Vocabulary
Operations that alter the form of a figure. Examples: translations, reflections, dilations, and rotations.
What is transformations?
What is the algebraic rule that moves every point 8 units right and 3 units down?
What is (x + 8, y – 3)?
Reflecting a figure flips it over this.
What is the line of reflection?
Name the three transformations that preserve congruence.
What are translations, reflections, and rotations?
Which property of a figure stays the same after a translation: orientation, congruence, or both?
What is both?
What is the algebraic rule when reflecting over the y-axis?
(x, y) → (-x, y)
This number tells how much a figure grows or shrinks in a dilation.
What is the scale factor?
This transformation creates similar figures but NOT congruent figures.
What is a dilation?
Point P(7, –4) becomes P′(–1, 6). What translation took place?

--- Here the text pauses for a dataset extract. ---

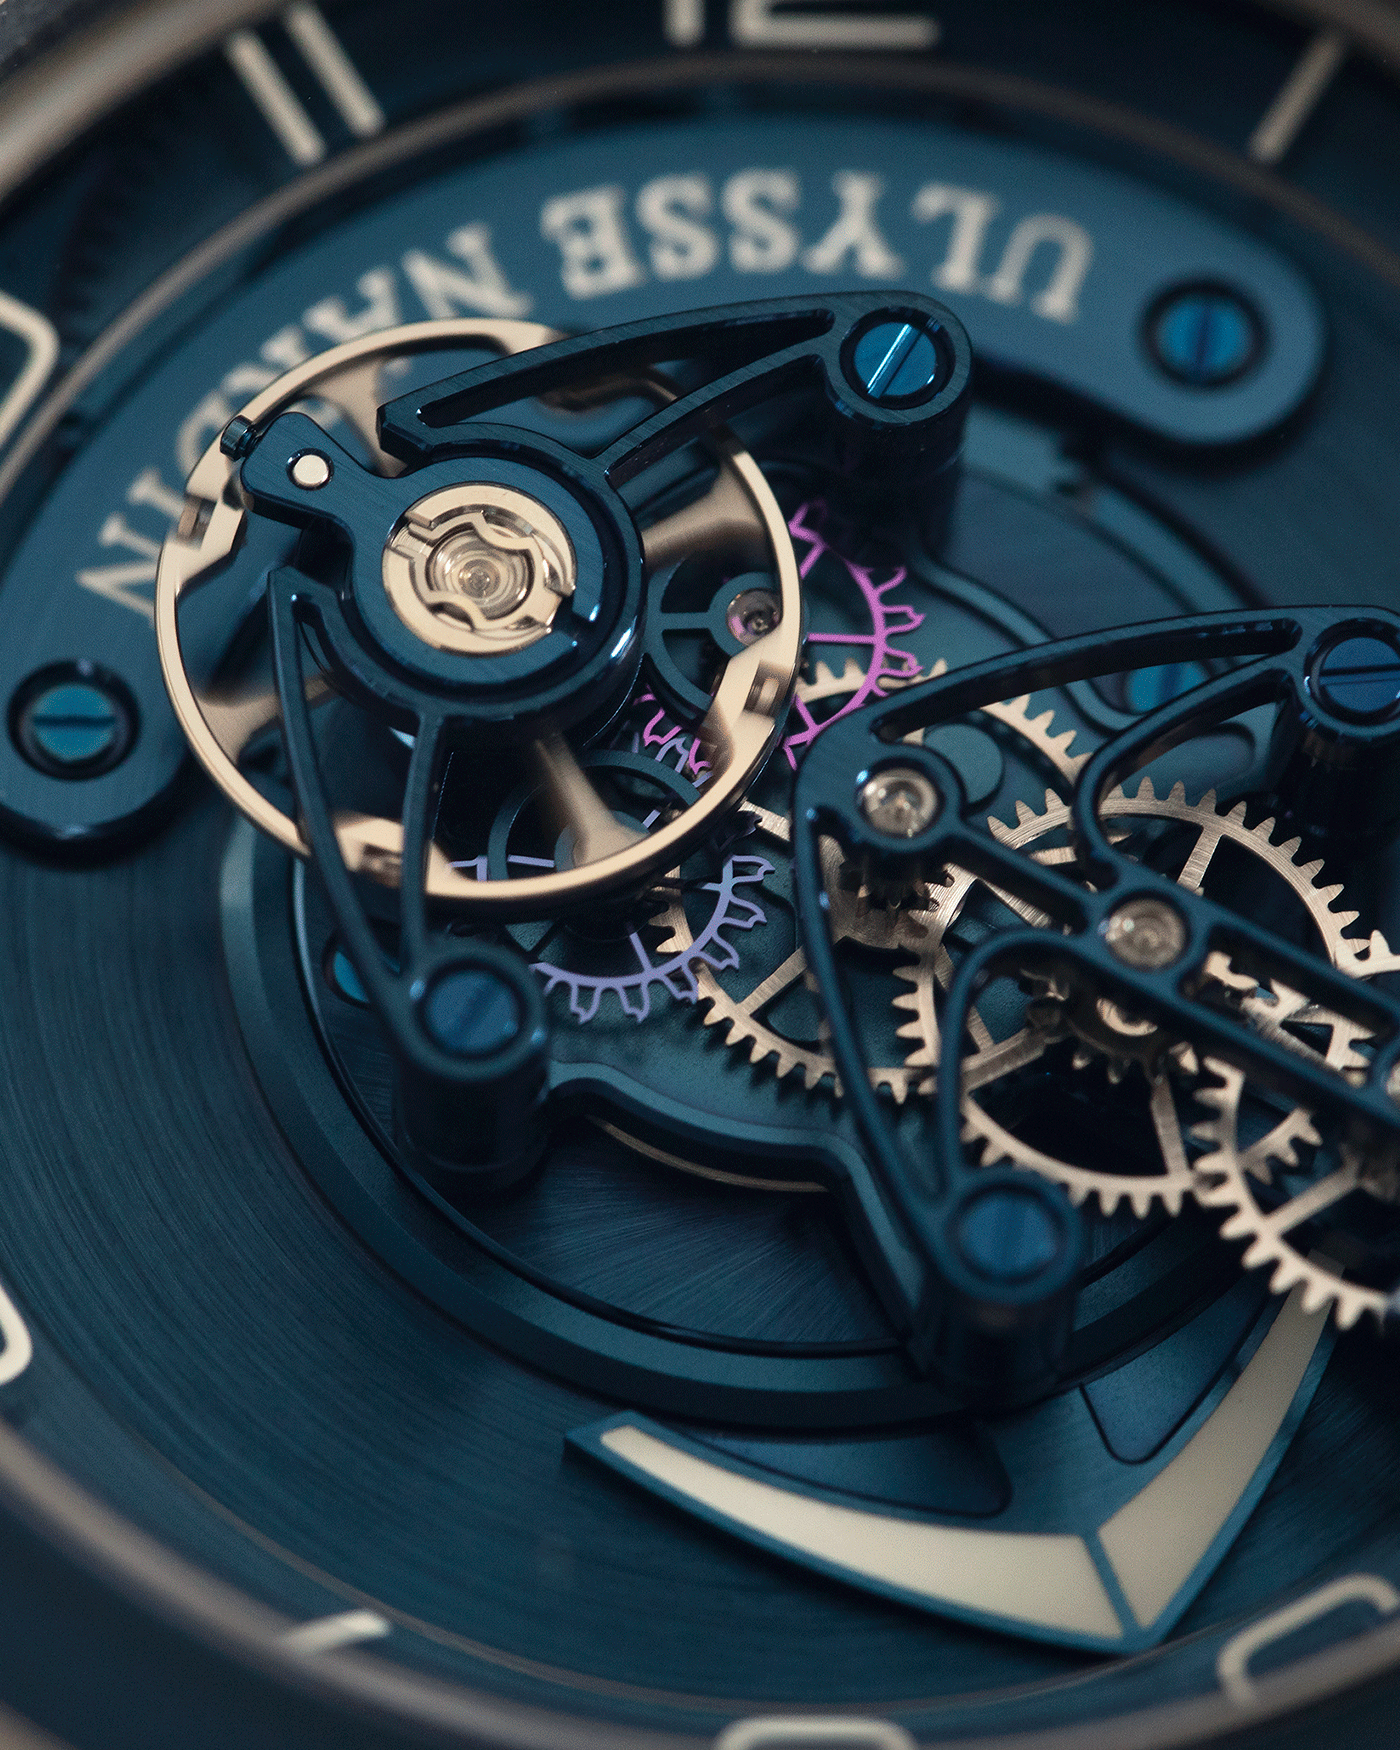 Brand: Ulysse Nardin Year: 2020 Model: Freak Out Reference: DB25 Material: Titanium Movement: In-House Manually-Wound UN-205 Case Diameter: 45mm Strap: Ulysse Nardin Blue Leather-Backed Textile Strap with Titanium Deployant

What is (x, y) → (x-8, y+10)
A point goes from (5, –7) to (5, 7). What reflection occurred?
What is reflection over the x-axis?
What is the algebraic rule for a rotation clockwise of 90 degrees.
What is (x, y)-->(y, -x)
Determine the scale factor: B(2, 5) and B'(1, 2.5).
What is scale factor = 1/2?
Find the coordinates of M' and N' when MN with M(-4, -1) and N(-3, -3) is translated 5 units right and 2 units up.
What is M'(1, 1) and N'(2, -1)?
A point goes from (x, y) to (–x, y). Which axis did it reflect over?
What is the y-axis?
Figures that have the same angle measures but different side lengths are called this.
What are similar figures?
The coordinate mapping when D(-5, 4), E(-4, 1), and F(-2, 1) are translated to D'(-5,0), E'(-4, -3), and F'(-2, -3).
What is (x, y)-->(x, y-4)?
If a point ends at (–7, –12) after reflecting over the x-axis, where did it start?
What is (–7, 12)?
Quinn increases both the length and width of a pool by a scale factor of 2. By what factor will the perimeter change?
What is by a factor of 2?